As for real economic data
consumer spending in France added a near final nail to the coffin by
dropping 0.4%.
Furthermore, data released on French builders also confirmed that
slowdown as the index slid two points. Builders noted in particular how
order books were judged to be less vibrant than normal as well as they
see a slowdown in activity for the next three months.
There
can be little doubt that the data releases above are suggestive of the
fact that the Eurozone may well be heading for a full blown recession
in Q2 and Q3. In that light, Trichet also moved in lately,
and with good reason, to reassure us that while the next two quarters
would see a "trough" in economic growth we would revert to normal
services from Q4 and onwards.
Two important questions arise then.
First
of all we have the obvious question of just how far the this slowdown
will drag on and as a derivative what kind of trend will we revert to?
As I have stated above it is really difficult to say anything remotely
sane about GDP outlook until we get Q2 numbers (currently the Eurozone
is standing at a 2.8% annualised q-o-q with Germany at 6% annualised
q-o-q (!), and I am sure not even the greatest optimist would venture
such a call). However, for me the question about the "trend" or
"normal" pace of growth is much more interesting since my feeling is
that the underlying momentum of a post recession Eurozone will surprise
on the negative side. As such, it is not about the potential recession
itself since these things come and go (although with a bit too high
frequency in some countries it seems) but much more so, it is a
question about the Eurozone which emerges and what we can reasonably
expect in terms of overall gusto.
A Step too Far?
Amidst
all this doom and gloom and recession sabre rattling some would perhaps
feel inclined to point out that the ECB seems to be getting just what
it ordered with its recent 0.25% rate increase as oil prices have
dropped smartly in the past weeks. I can see this point, if anyone
should feel like making it, but I am also sure that we can all agree
that oil prices these days are moved by more than the ECB. In fact, a
raising ECB in so far as it would pummel the USD should not make oil go
anywhere but up.
Meanwhile, the governing council at the ECB
must obviously be watching the incoming barrage of poor data with more
than a faint eye since it comes just weeks after rates were increased.
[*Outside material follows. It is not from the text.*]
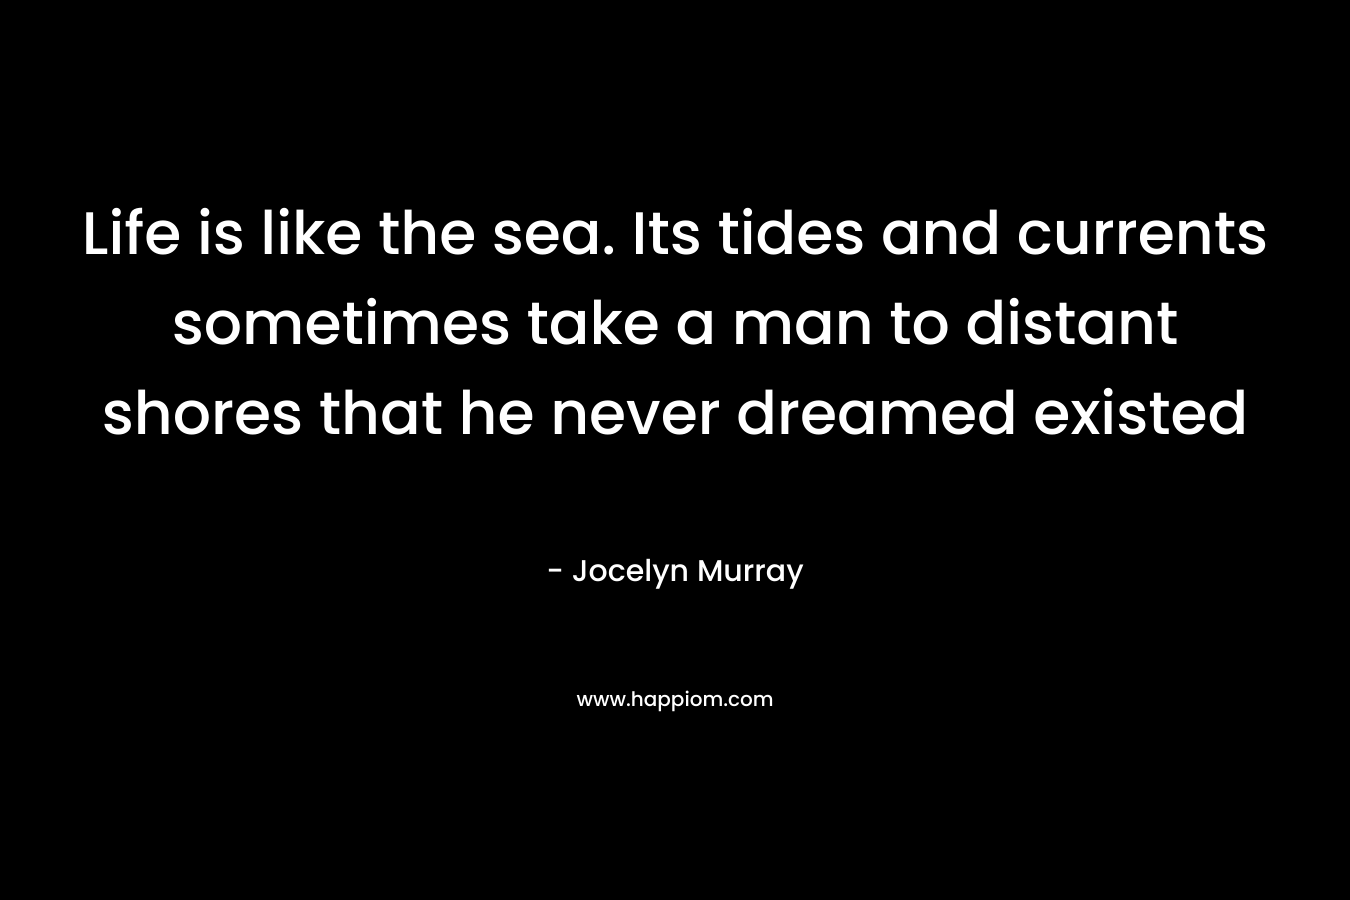 Life is like the sea. Its tides and currents sometimes take a man to distant shores that he never dreamed existed

Now, I should make it clear that this was the ECB's intention all
along. Ever since the crisis began it was obvious for everybody that it
would push the business cycle into reverse but the ECB always opted for
inflation over growth; or at least it did not succumb to the temptation
to lower rates. Now the butcher is coming to collect his bill and it
could seem as if the ECB's credit card is in for a nasty overdraft.
Actually, this may turn out to be a quite literal conceptualization if
the Spanish mortgage market is about to turn into a pile of smoldering
bricks.
To sum up, Q2 GDP will be interesting to watch since it
will give us a sense of overall direction. Other than that I am
watching Germany very closely and most specifically the export link
with Eastern Europe. Basically, Germany have been living on exports not
only to its main trading partners in the Eurozone (who are all now
slowing considerabl) but also on the margin to the CEE economies.
Especially this last link is about to break now and the repercussions
will be swift and severe in terms of economic momentum lost. Finally,
one cannot help but feel that Spain may be in for the worst of all
(perhaps even worse than Italy). The link between builders and their
banks seems a crucial issue to watch going forward.